(Beginning of STORED DATA)

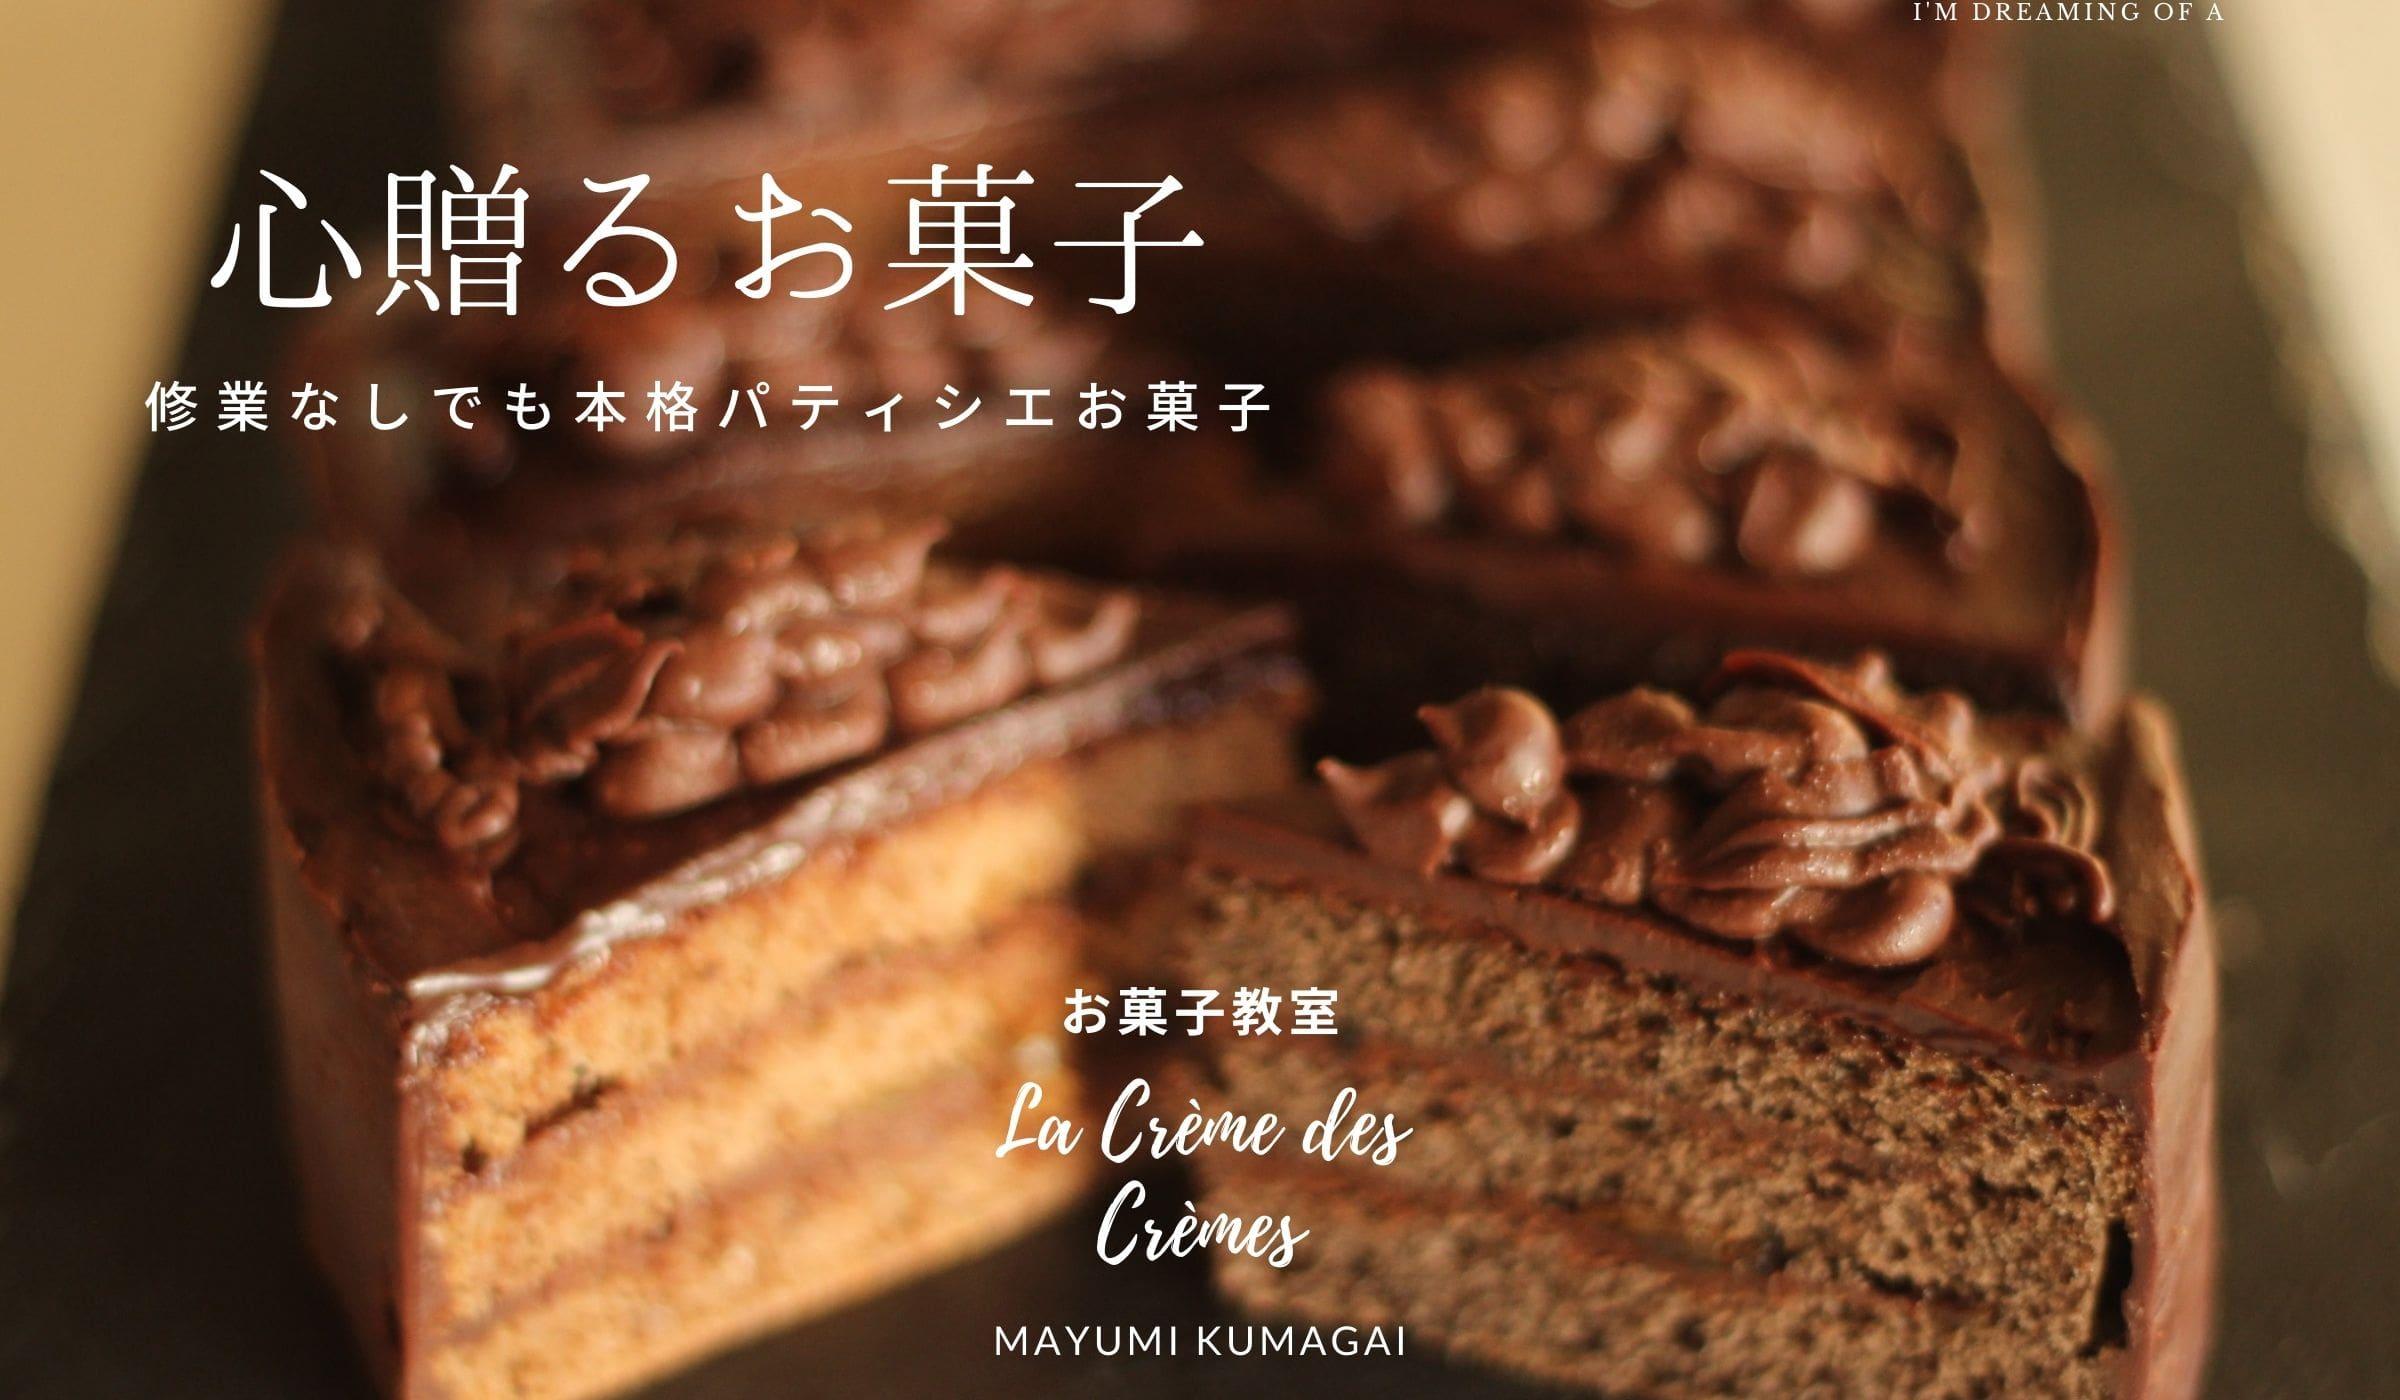 プロの料理研究家が教えるお料理教室とお菓子教室 東京ベイ千葉県浦安市JR新浦安駅
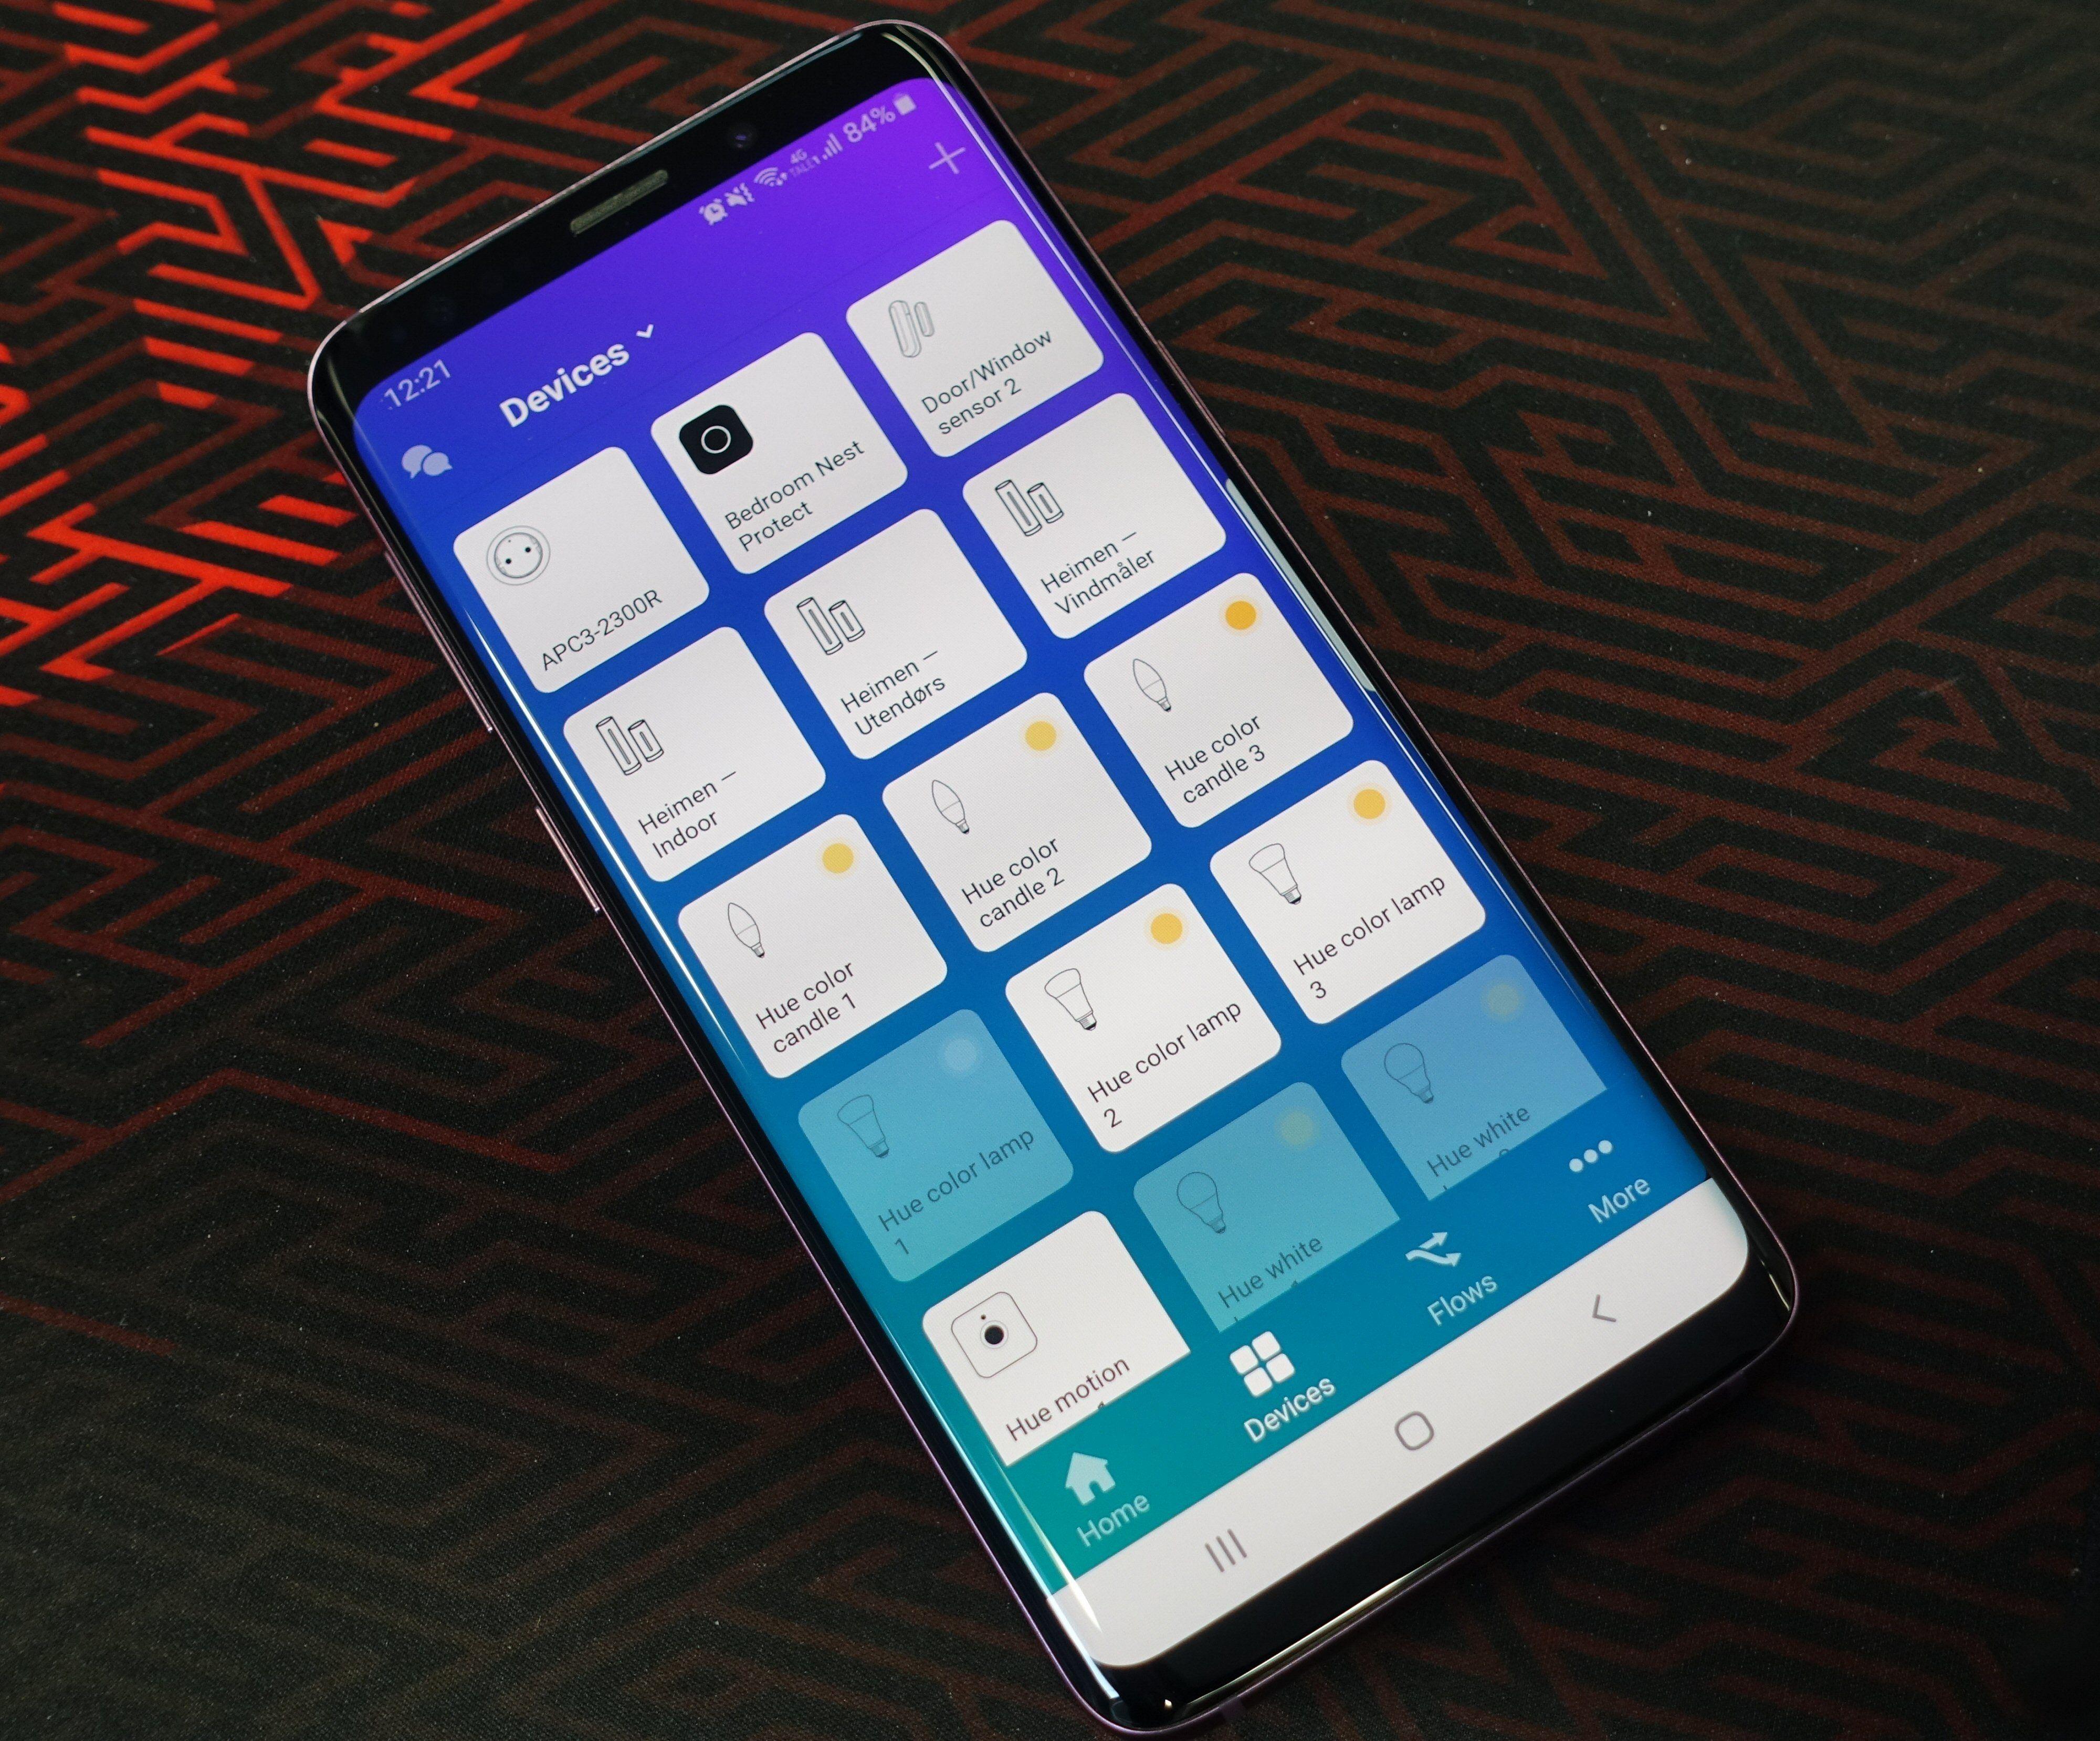 I Homey-appen får vi oversikt og tilgang på tilknyttede smarte enheter. Men like god kontroll som med enhetenes dedikerte apper får vi sjelden.
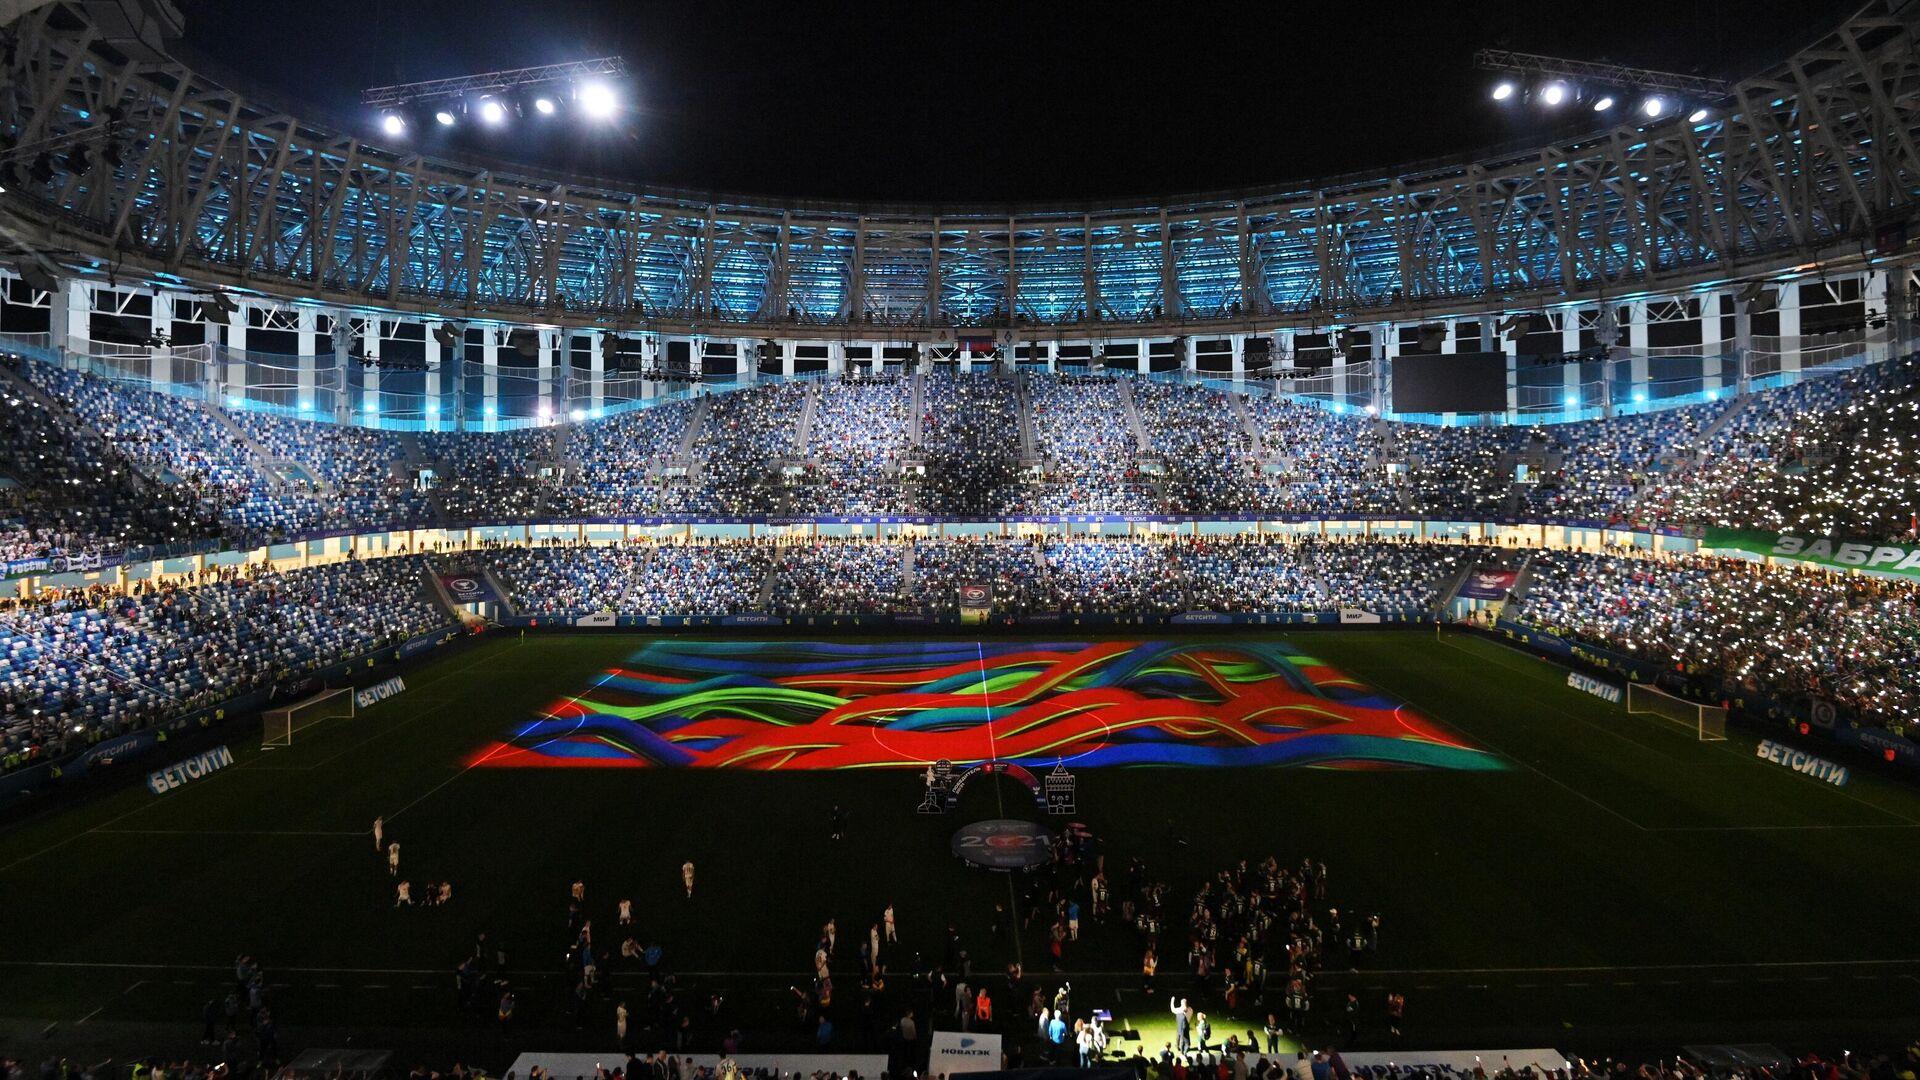 Церемония награждения победителей Кубка России по футболу - РИА Новости, 1920, 14.05.2021

(End of STORED DATA)

ABOUT THIS EXERCISE: Exclude images. Return the data above verbatim.

SOLUTION TO THE EXERCISE:
 プロの料理研究家が教えるお料理教室とお菓子教室 東京ベイ千葉県浦安市JR新浦安駅
 I Homey-appen får vi oversikt og tilgang på tilknyttede smarte enheter. Men like god kontroll som med enhetenes dedikerte apper får vi sjelden.
 Церемония награждения победителей Кубка России по футболу - РИА Новости, 1920, 14.05.2021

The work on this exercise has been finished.